Cabinet Hardware Polishing

Hinges, cabinet screws, castors, locks, retainers, fallboard letterset (logo), pedals and perimeter bolts can be highly polished to a perfect mirror finish and protected with a coat of metal lacquer. Some customers may prefer a ‘brushed’ or ‘satin’ finish.

Rotary polisher with a twisted lambswool mop in use on a clear high gloss polyester lacquer finish

Sanding and Polishing

High wear areas of the piano will become scratched with ‘skating’ and dulled with micro abrasions. This can usually be wet sanded and buffed to a scratch-free result. Provided there is sufficient coating thickness a flawless ‘new’ finish is achieved from the original coating. 

A process of sanding with good extraction and a special finishing disc (superior to wood and automotive types) at grades deemed necessary to remove imperfections, with refinements through to pre-polishing stage. Compounding and polishing follows to bring up the deep lustre and glass like gloss of the polyester lacquer.

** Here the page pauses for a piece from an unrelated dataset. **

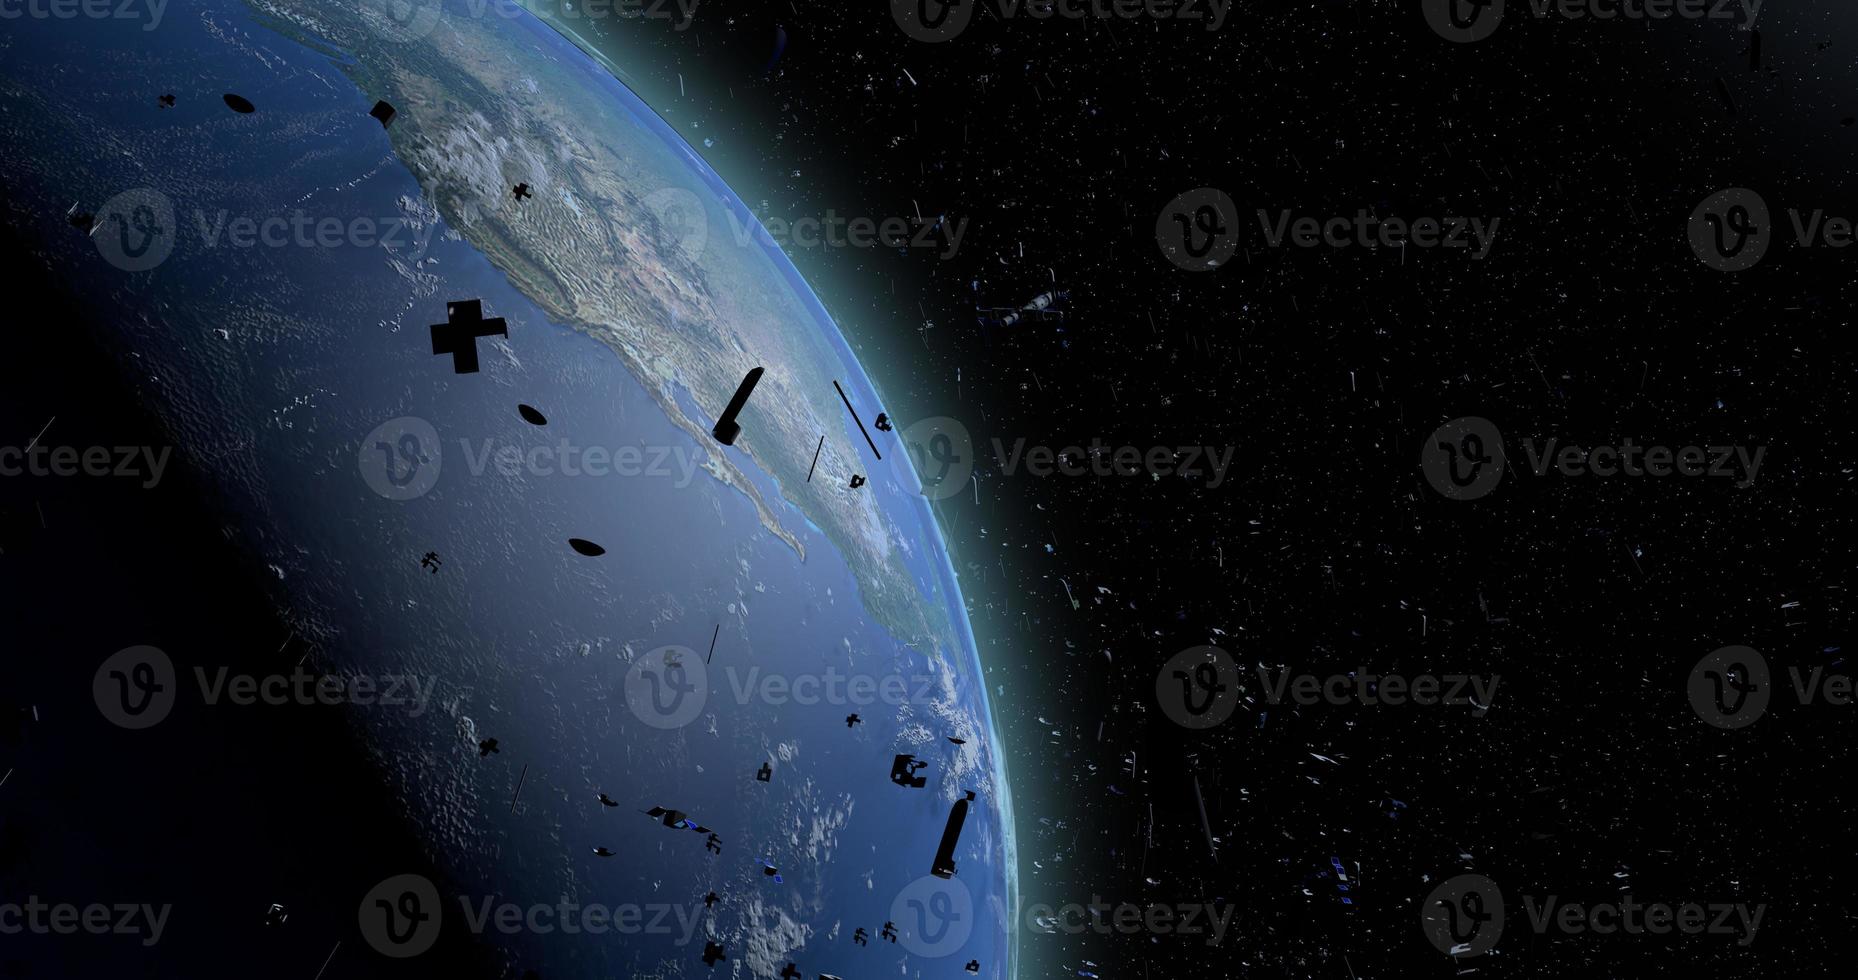 detriti spaziali che galleggiano nell'orbita del pianeta terra. vecchi satelliti, razzi di supporto, pezzi di metallo sono una minaccia perché possono entrare in collisione con i nuovi satelliti. illustrazione 3d foto
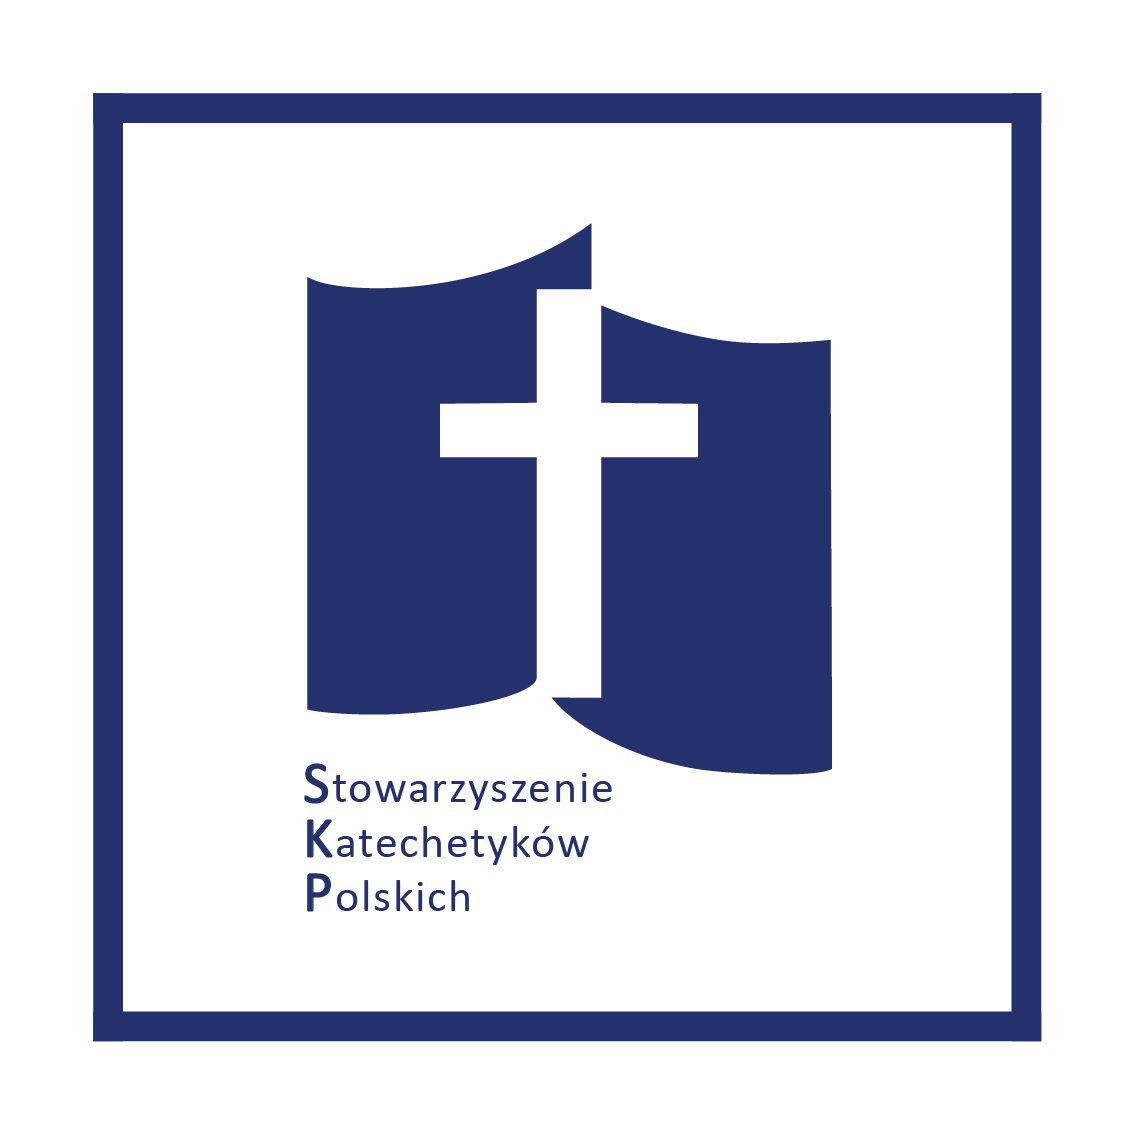 Stowarzyszenie Katechetyków Polskich

Naturals (white keys) are usually topped with acrylic on modern pianos. The surface will become scratched, creating an opportunity for a superb finish to be restored. The sides of the naturals will be scraped clean also, removing years of dirt and oils which have discolored the sides of the spruce keys which are exposed when the adjacent keys are depressed.

Sharps (black keys) are with a 12mm keytop made of phenolic resin, ebony, or composite. The spruce key itself, beneath the 12mm top, sides of the keys are painted black. This paint can be reapplied to cover the worn area, so the spruce is not visible on a sharp. While phenolic resin keytops usually only require cleaning, the ebony or composite keytops can be sanded, stained and sealed.